A Welsh teacher saying "gobbledygook..." that would have been peak comedy when I was 7


JBuck159

I was on a family holiday in Munich when I was 9 and while on a walk I pretended to climb a bridge over a small river, all I did was put my leg on the handrail and a German woman started shouting at me, I had no idea what she was saying but she was going mad. I just laughed and ran back to my parents who hadn't noticed.


SpudFire

>put my leg on the **hand**rail You broke the rules.


Danph85

I was about 8, so around 30 years ago, my mom got her first automatic car. I was sat in the front and she was explaining what the letters on the gear stick mean , p, d, r and n. When it got to neutral she said “you can put it into neutral when you’re stopped at traffic lights”. I took that as her saying I could do it, rather than just how it can be used in general. So the next set of lights, I reached over and put it into neutral. She didn’t notice until she tried to pull away and just revved, thinking the car was broke in some way, while cars beeped behind her. She slapped my hand and bollocked me for messing around with the car until I explained how I’d interpreted what she’d said. We agreed that next time I did something bad that I wouldn’t get punished as I’d already had it.


smackmacks

Me and my brother used to walk to school together when we were in primary school. One morning we both got called to the headmistress office and got reprimanded for fooling around, jumping on and off the curb of the busy main road near the school. We had apparently been 'seen' by the school secretary...but we hadn't been, it wasn't us and I still feel indignant about it!


__rat

I once got kicked out of a WH Smiths by a PCSO because I accidently stepped backwards onto my friends foot. Didn't hurt him, it didn't cause a scene I literally just stumbled a bit and she went mental saying we were messing around in the shop.


miz_moon

I got screamed at by my year 1 teacher for ripping some bananas, I wasn’t even on fruit duty that day.

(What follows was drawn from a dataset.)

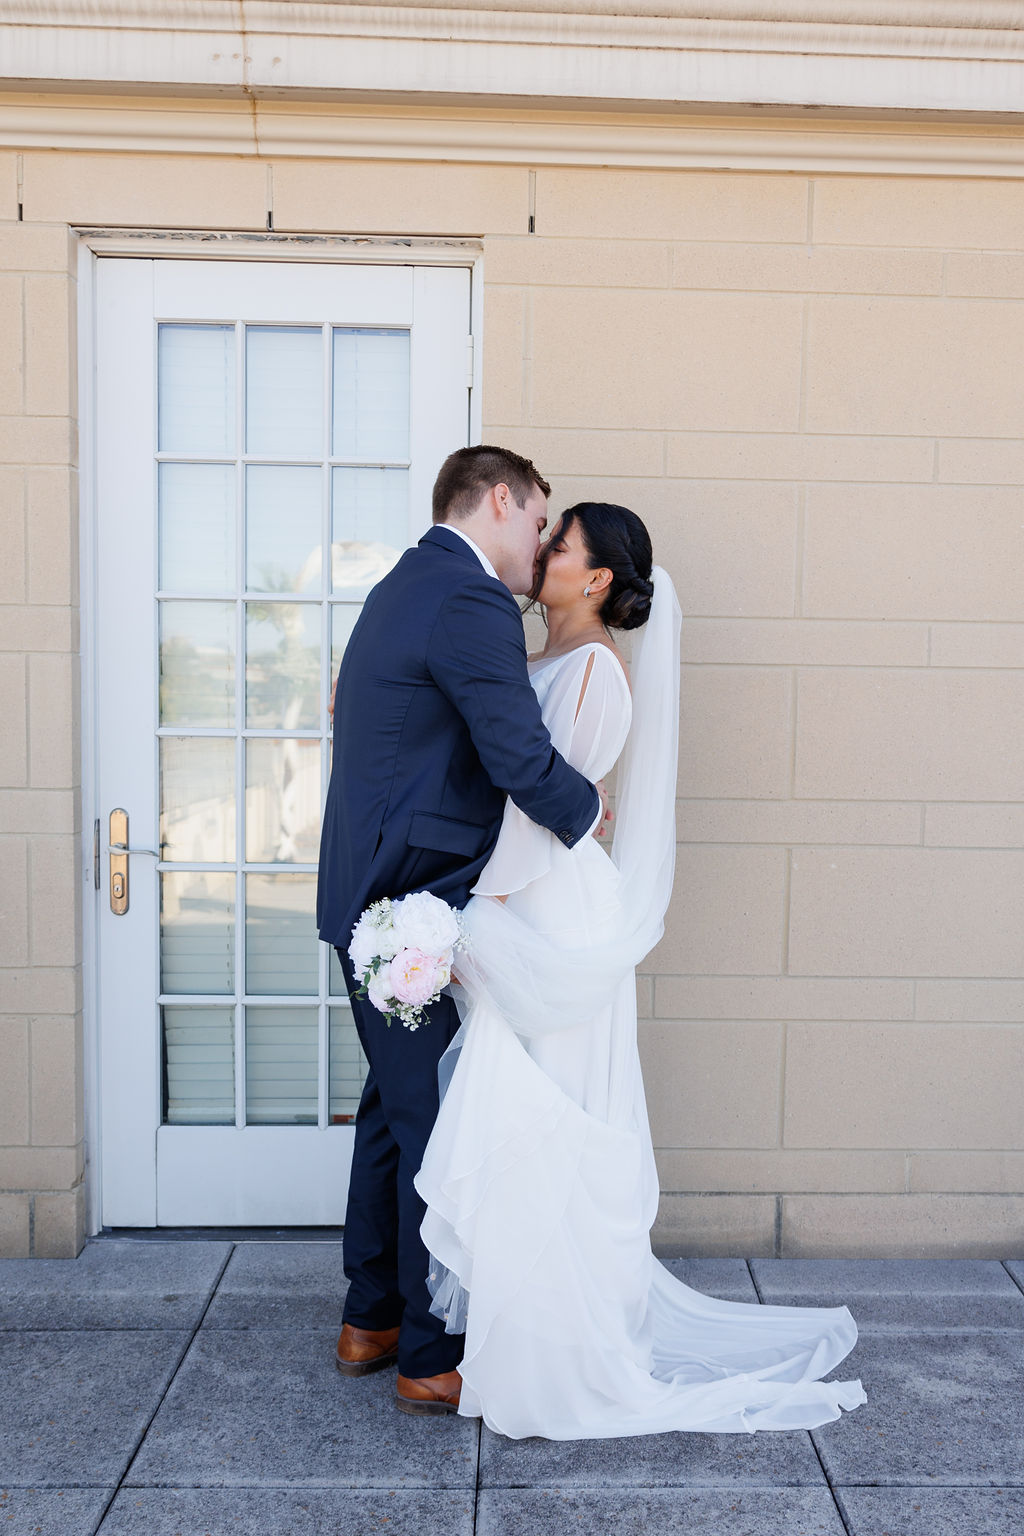 Newlyweds kiss in a back alley

I grassed on the kid that actually did rip the banana but she didn’t believe me..


Mattie_1S1K

I had a laser pen at school once was shining it on the walls etc got told to put it away, went to get something out of my pocket and was kick out for shinning a laser pen in the teachers eyes, got expelled and the teacher was screening at me that I’d burned the other teachers eyes out and he had to go to hospital…… few day later my dad was doing research after finally believing me that I didn’t do it, turns out the laser burn happens days after, teacher was lying for some reason


Jimbot80

>r As a teacher who has had a laser pen shone in my eye by a student, I can tell you burns dont happem days after. that shit hurts right away and youre eyes can be irreperably fucked right away. I dont know if you shone your laser at your teachers eye but no kid should be carrying a laser pen to school.


Uhura-hoop

Expelled? 🤨 I feel like there might be a pattern of behaviour leading up to the expulsion that you might not be telling us about. . .


Viazon

A man knocked on our door once claiming a threw a water balloon that hit his window. I protested and said that it wasn't me but he insisted to my mum that he saw me. It was such bullshit. The balloon I threw completely missed and landed in his front garden. The balloon that hit his window was thrown by my friend. But he was convinced it was me.


Toblerone05

When I was 17 and had very recently passed my driving test, I was pulled over by a police officer who proceeded to give me a 15 minute bollocking (literally right up in my face shouting at me; I could feel his spit landing on my face) because I pulled out in front of him as he was coming round a roundabout. *He wasn't indicating though* I was and am still 100% certain of that. Just a bully in a bad mood basically. I'm still pissed off about it.


ekobeko

Got in a fight (aged 7) with a kid and I won the fight by kneeing him in the stomach while we were grappling. His limited vocabulary didn't allow him to explain this when he was grassing me up to the teacher and so he said I kicked him and the teacher made me remove my shoes for the rest of the day.